In the capital of neighbouring Kandahar province, often regarded as the city where the Taliban first took root in the country, at least 22,000 families have fled fighting.
Nationally, the number of displaced people in Afghanistan has surged.
According to the UN Office for the Co-ordination of Humanitarian Affairs (OCHA), the number of Afghans fleeing their homes since July last year has increased by 101 per cent.
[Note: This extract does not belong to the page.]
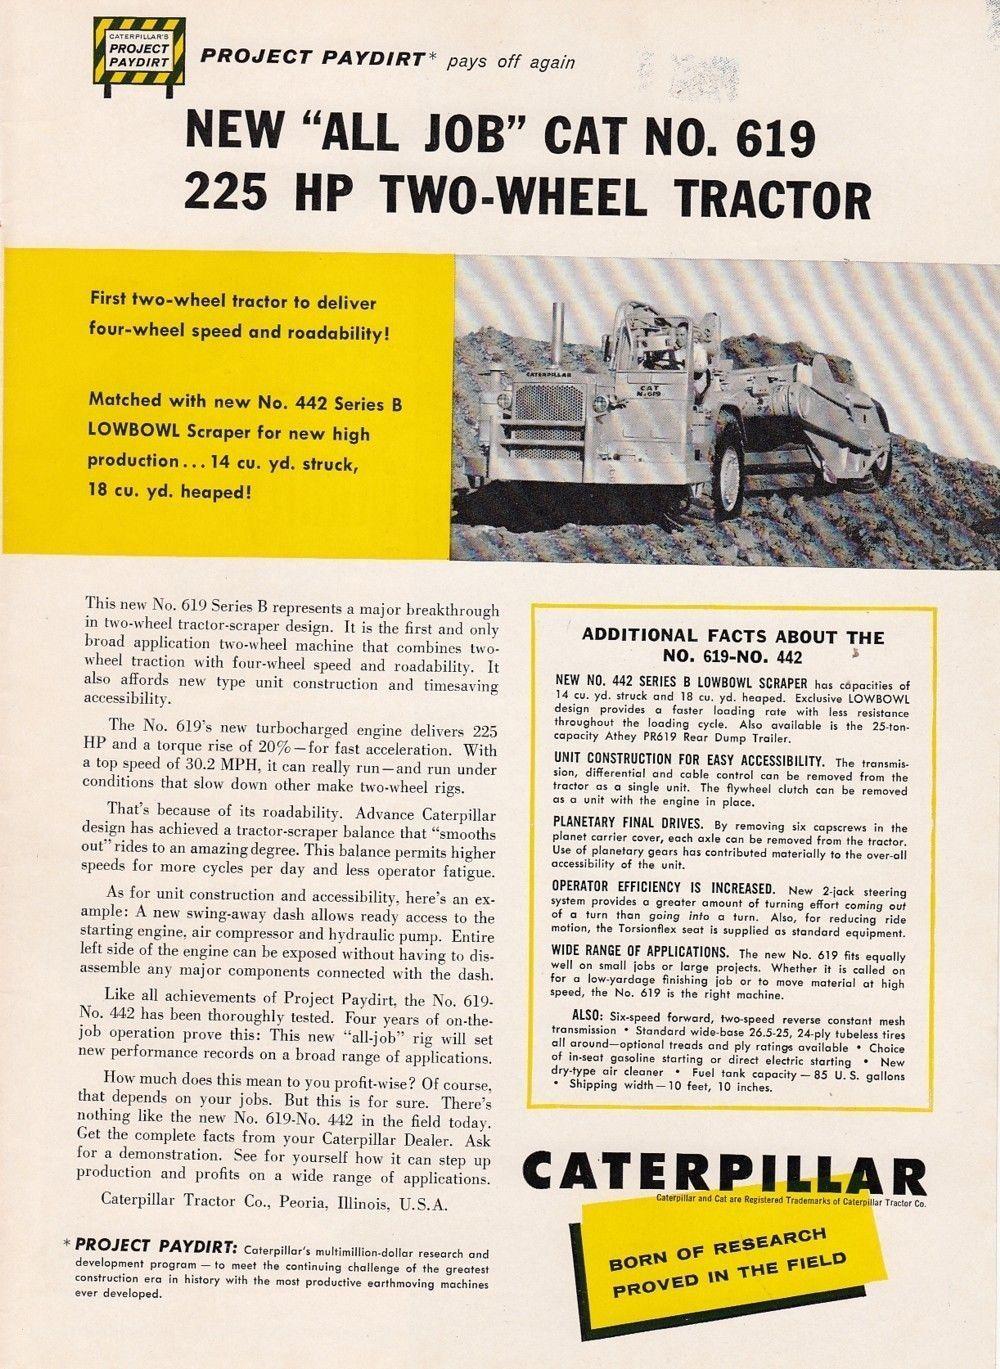 1959 Caterpillar Tractor Co Peoria IL Ad Cat No 619 Two Wheel ...

In the western part of the country, Taliban militants were pushing deeper into the city of Herat on Monday, where the government has also stationed commandos.
But the government strategy of using its best troops in crisis-hit areas could have serious limitations, Mr Jeffery said.
"The Afghan government has been relying mainly on Special Operations Forces [SOF] to hold cities but that has a price," he said.
"It means that these SOF troops are very much overstretched and while they're trying to defend one or two cities, Taliban launch attacks in other areas and quickly end up capturing new areas. Sooner or later, the SOF troops will be too exhausted."
The country's fledgling air force has been conducting strikes against groups of Taliban fighters, with the US Air Force joining, although in a limited capacity.
That has led to a surge in civilian casualties in towns such as Lashkar Gah, according to Doctors Without Borders.
Afghan President Ashraf Ghani blamed the country's deteriorating security situation on Washington's decision to rapidly withdraw.
"The reason for our current situation is that the decision was taken abruptly," he told Parliament on Monday.
Mr Ghani said he had warned Washington that the withdrawal would have consequences.
A turning point in Helmand
The capture of Lashkar Gah would be hugely symbolic for the Taliban. Helmand province saw some of the bloodiest fighting in the conflict between international forces and the Taliban after 2001, with British forces facing almost siege-like conditions in remote outposts in 2006.
Later, when US president Barack Obama decided to "surge" US forces into the country in a final push to crush the Taliban, Helmand was once again in the spotlight.
US Marines fought a vicious campaign to gain control of districts including Garmsir in the north of the province and Marjah in the centre, through 2009-2011.
But the stalemate could not be broken and the province remains an important centre for poppy cultivation for the production of opium. Between 2019 and 2020, the UN Office on Drugs and Crime reported a 37 per cent increase in cultivation of the plant.
It remains to be seen whether Afghan forces will have any more success than foreign troops.
But Mr Jeffery says that the loss of one of the three cities now besieged – Kandahar, Lashkar Gah and Herat – is not a given.
"I still think that it won't be very easy for the Taliban to capture key cities," he said.
"They are very close to capturing Lashkar Gah for instance, but even there, their advances can be rolled back in coming hours or days."
Some cities might hold due to specific local factors, such as the presence of experienced commanders.
"Herat city will hold as long as Ismail Khan [a commander with notable combat experience] is fighting, and his militiamen don't surrender," Mr Jeffery said.
"Ismail Khan, being a war veteran that he is, knows very well that SOF troops alone cannot be expected to hold the city."